There was nothing complicated about the targeted building to raise exceptional difficulty, they said. The planners and officers had all the necessary military and intelligence information they needed to go forward with the operation and safely predict its successful outcome, namely the al Qaeda leader's death. Therefore a small team was enough to do the job without the need for air cover or a back-up force for unexpected trouble.
2. Since that outcome was foreseen by both by the Americans and Pakistanis, the questions remaining to be answered are: Why did Washington pick May 2011 for the operation and why did the Pakistanis play along?
(A separate item in this issue discloses the secret CIA-ISI deal)
3. From the way he was killed, it was obvious that the White House had decided that an American soldier would put a put a bullet in his head rather than use unpiloted drones to fire missiles into his bedroom, whose exact location was known in advance.
Why then is Washington prevaricating on this point?

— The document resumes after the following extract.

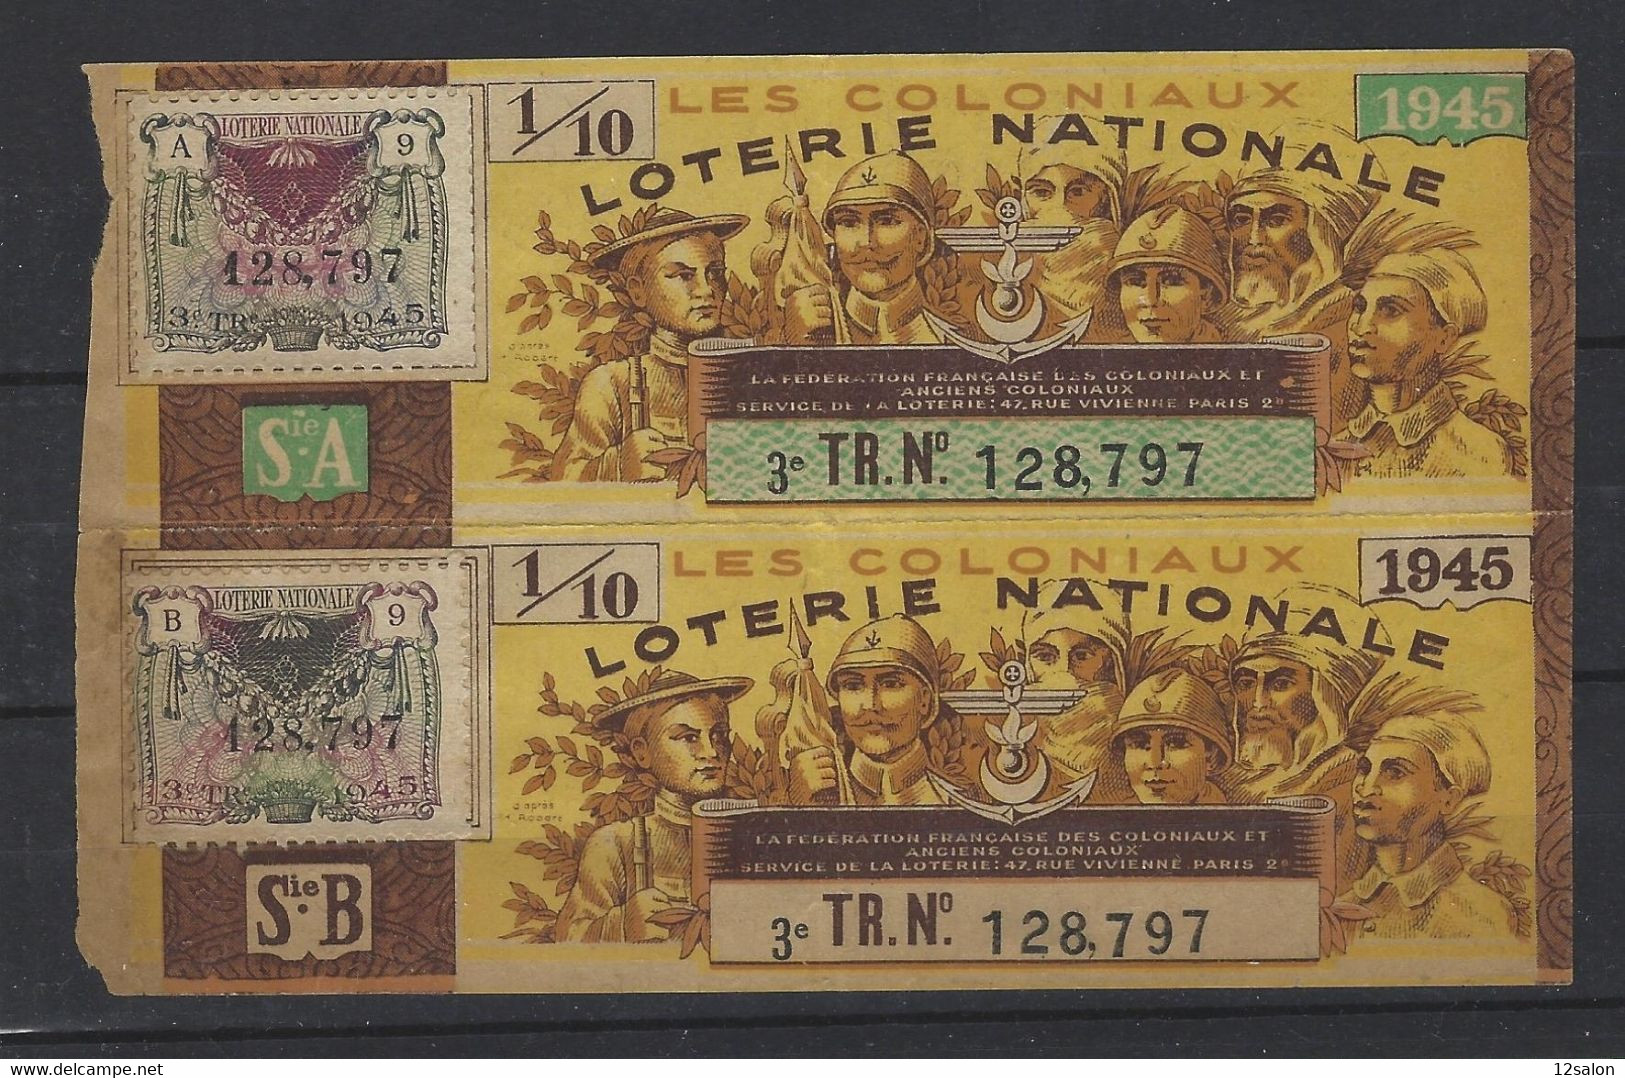 FRANCE LOTERIE NATIONALE LES COLONIAUX 1945 - Billetes De Lotería
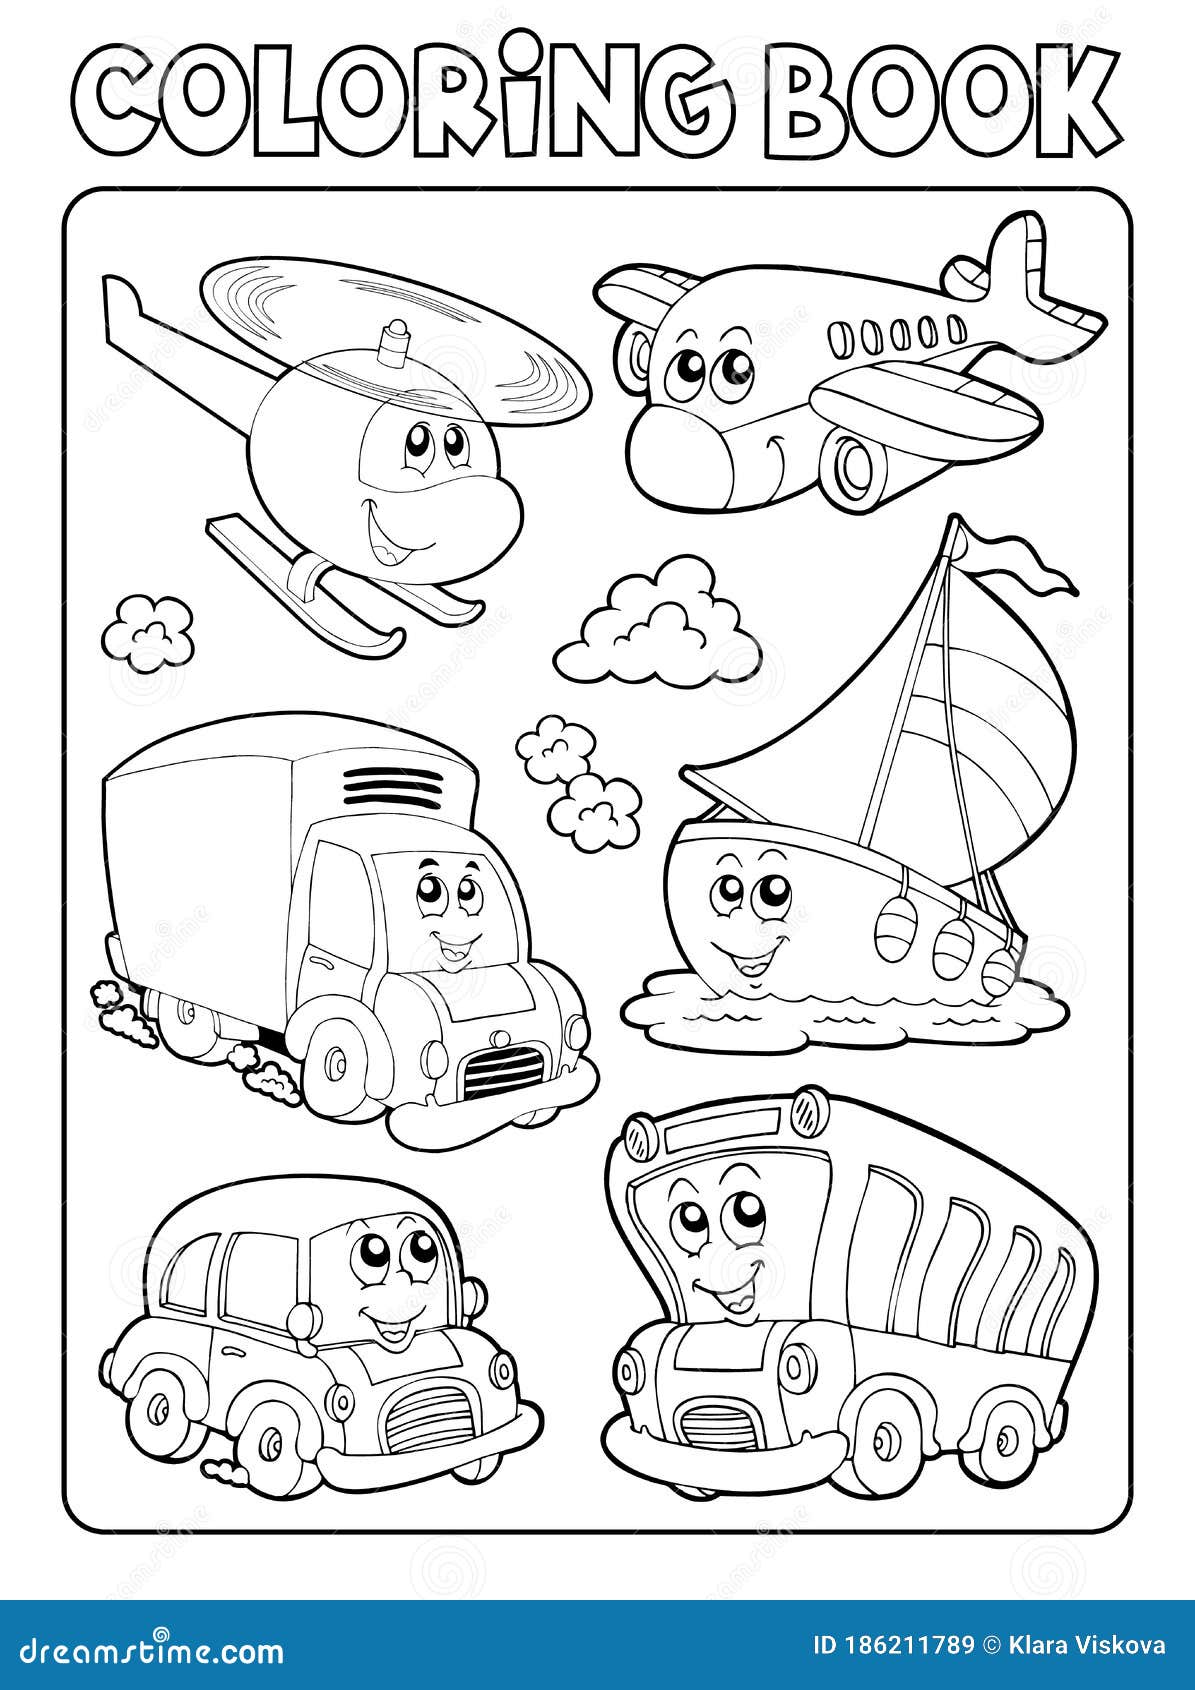 Transportation coloring book stock illustrations â transportation coloring book stock illustrations vectors clipart

4. The only weapons fired in the Abbottabad villa belonged to the US commandos. It would therefore seem that Bin Laden either had no armed bodyguards on the premises or none were around to stop the raiders climbing the stairs to his bedroom. Their absence would suggest that the al Qaeda leader relied on Pakistani security agencies to protect him and had placed his security in their hands. Because he had a deal with the ISI, it made sense for his havens to be located close to Pakistani military facilities – for protection. It also explained why the vehicles carrying him between secret residences required no armed escort and why he didn't bother to outfit them with alarm systems.